* [What you have to do]:
Please take the records that follow and repeat exactly the lines starting with the line with "Concrete Roofing Tiles" and going on through the line with "Royal Castle Stock".

* [Material provided]:

_ _ _ _

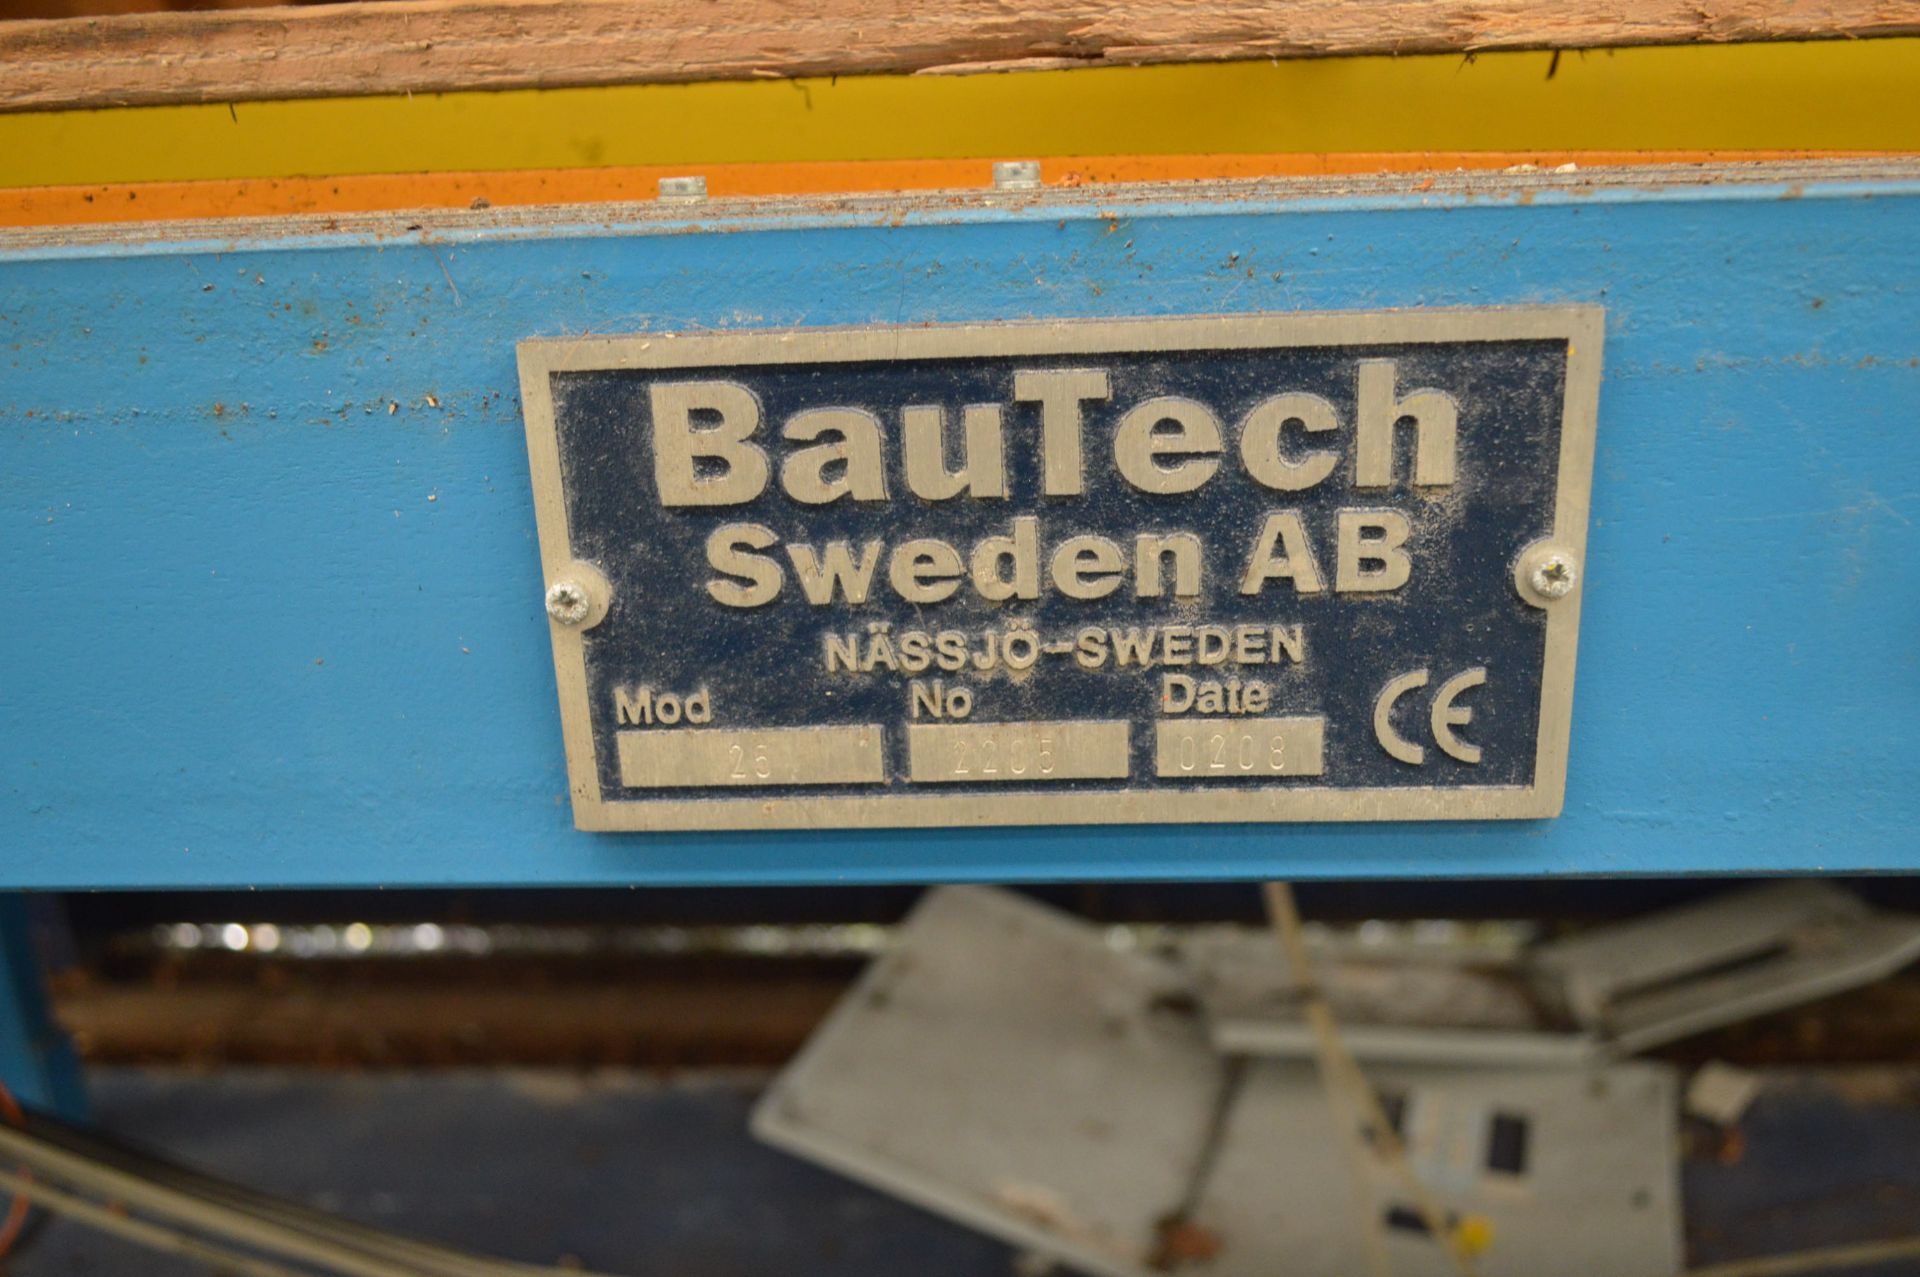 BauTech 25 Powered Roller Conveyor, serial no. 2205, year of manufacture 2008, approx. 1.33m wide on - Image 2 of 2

_ _ _ _

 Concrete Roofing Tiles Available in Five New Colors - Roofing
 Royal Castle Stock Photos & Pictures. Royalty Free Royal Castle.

_ _ _ _

* [Answer space]:
 Concrete Roofing Tiles Available in Five New Colors - Roofing
 Royal Castle Stock Photos & Pictures. Royalty Free Royal Castle.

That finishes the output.